• [TASK BRIEF] Give the data again exactly as written, skipping any pictures.

• [RECORDED INFORMATION]
□ □ □ □

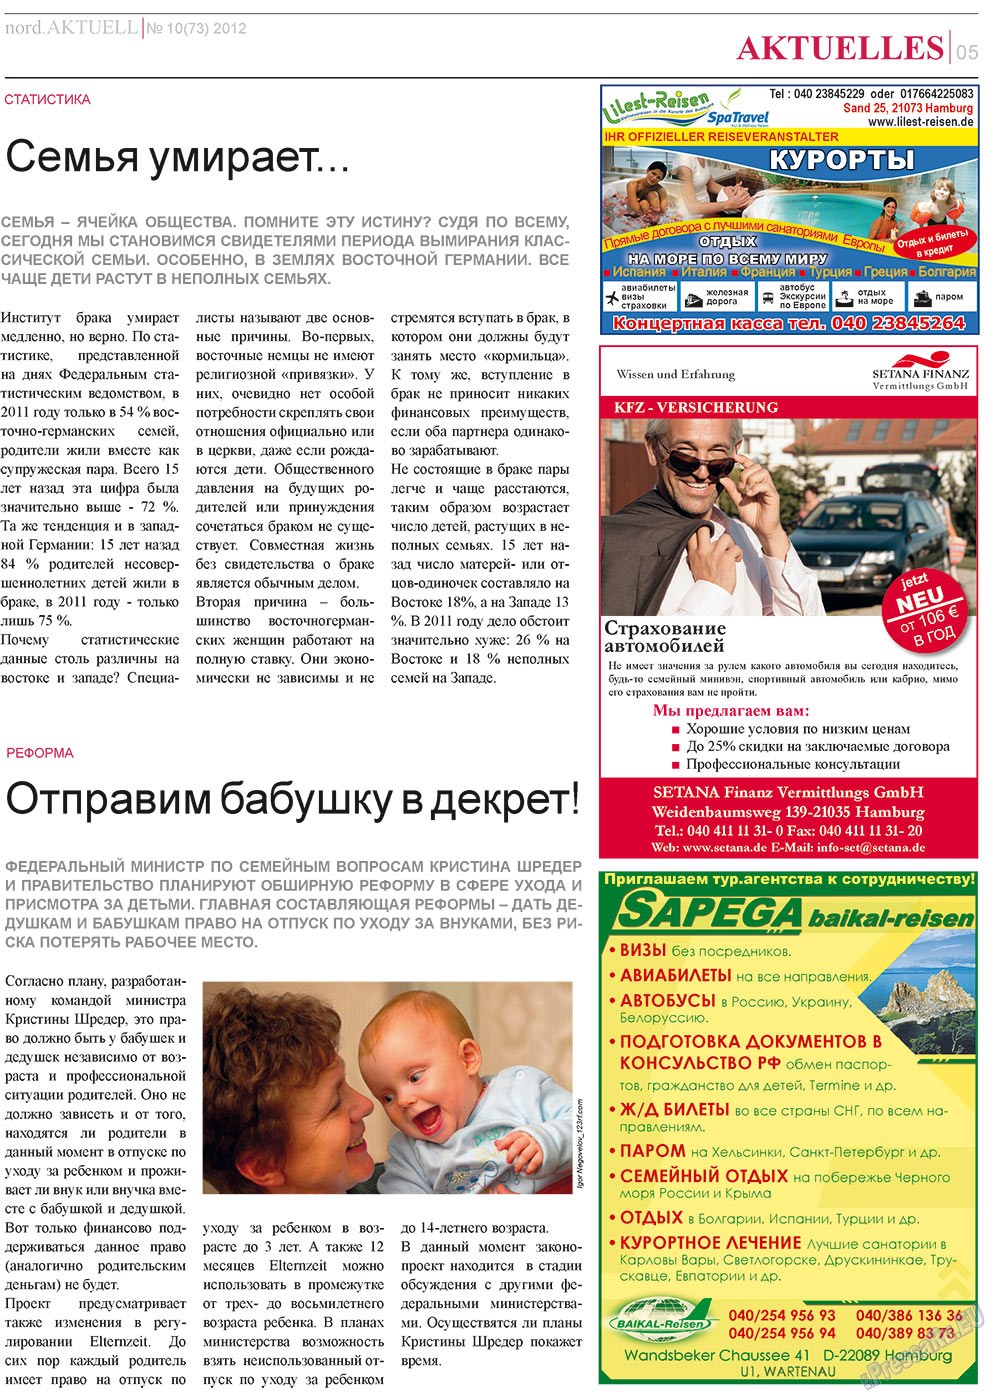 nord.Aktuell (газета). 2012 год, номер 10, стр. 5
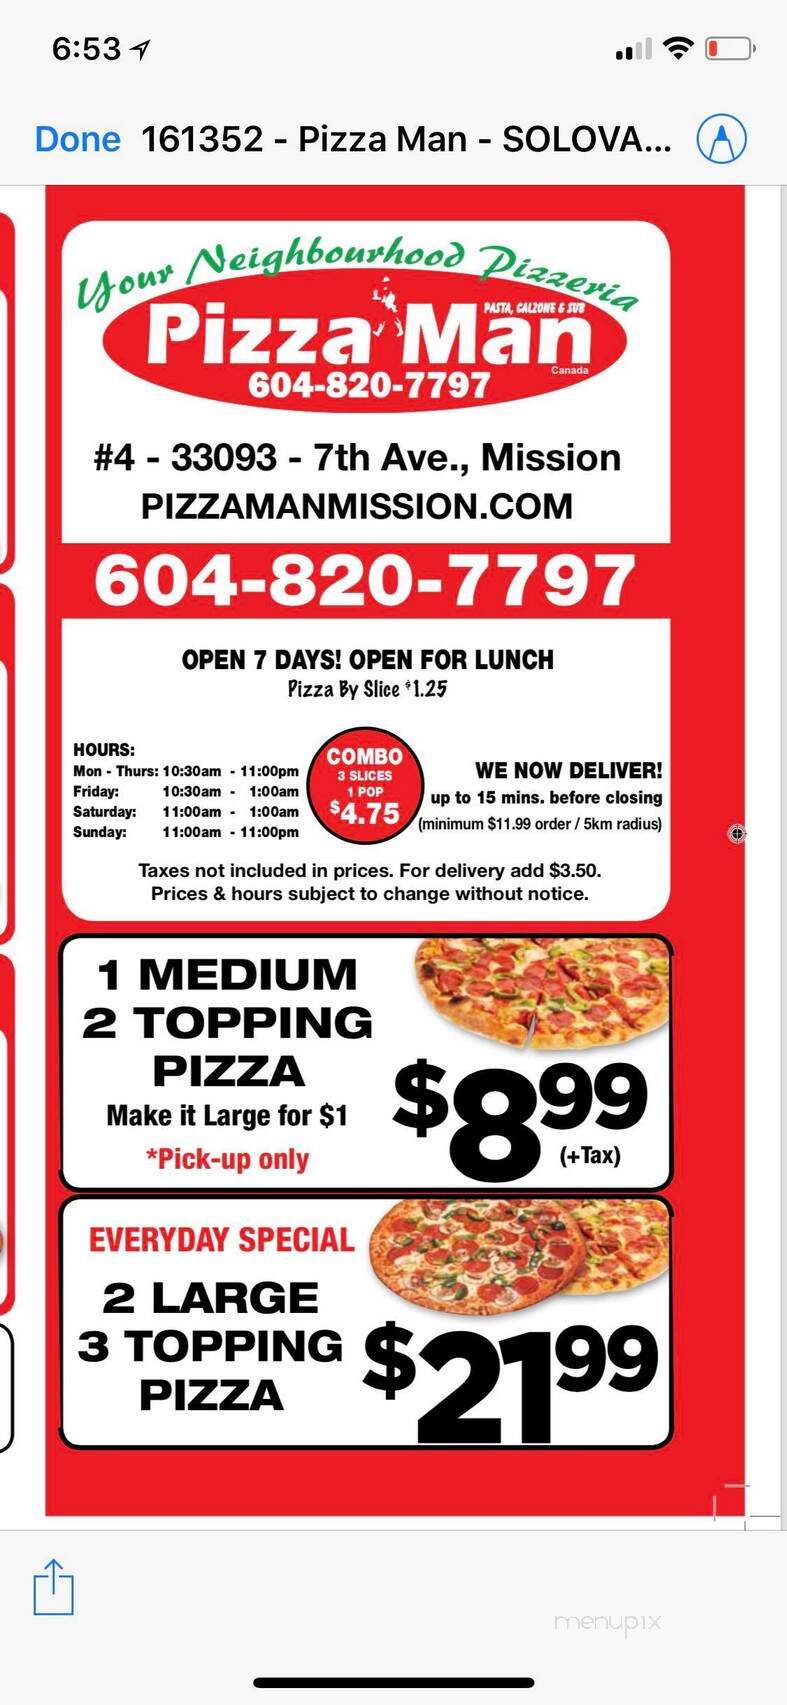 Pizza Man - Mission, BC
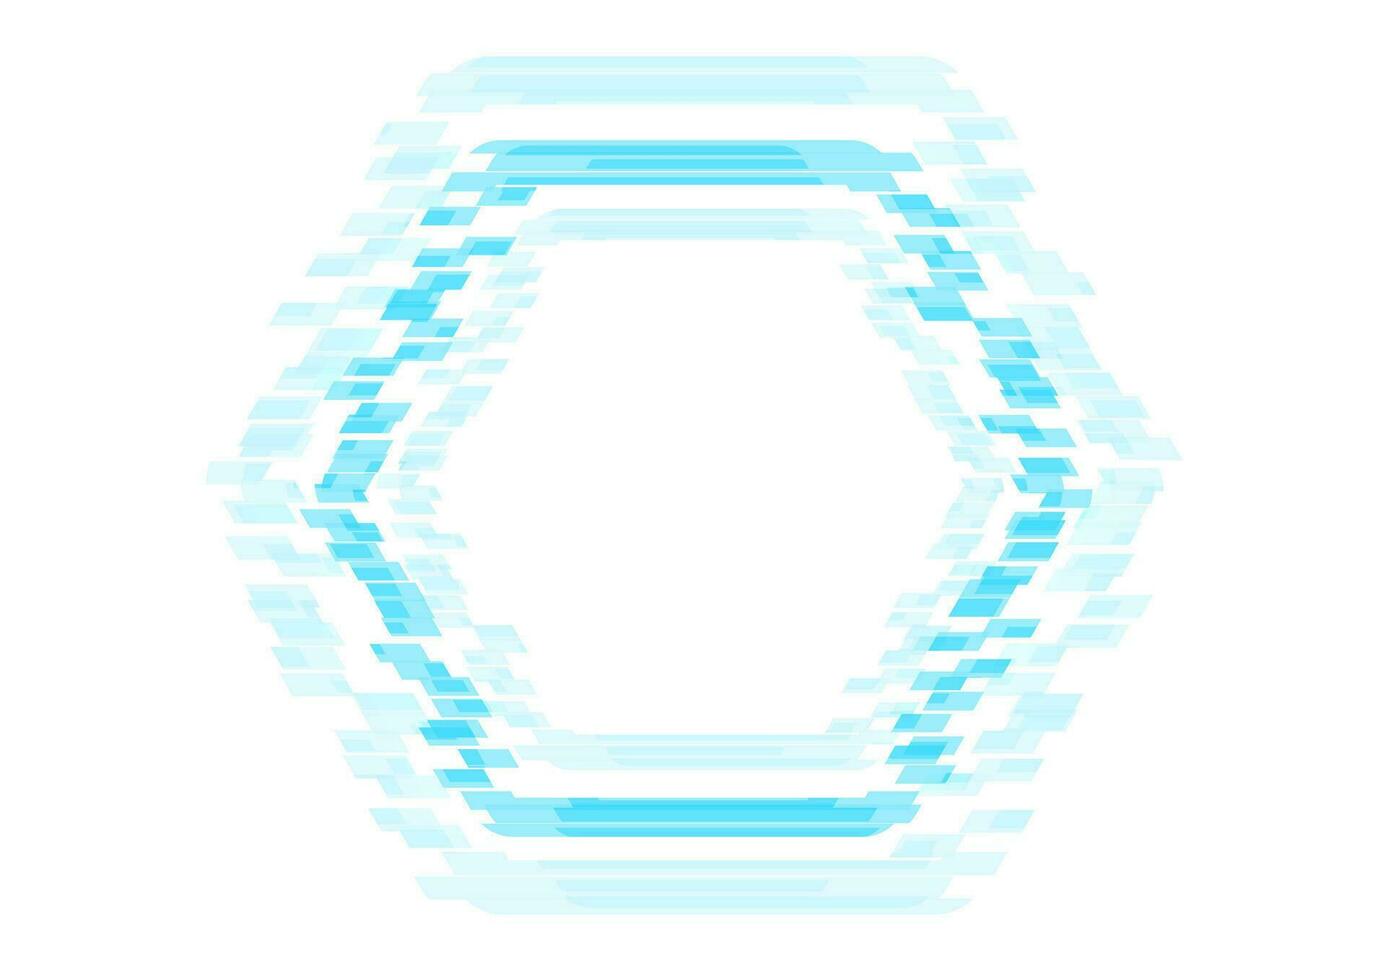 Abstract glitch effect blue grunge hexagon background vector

□ □ □ □

• [RESPONSE AREA]
 nord.Aktuell (газета). 2012 год, номер 10, стр. 5
 Pizza Man - Mission, BC
 Abstract glitch effect blue grunge hexagon background vector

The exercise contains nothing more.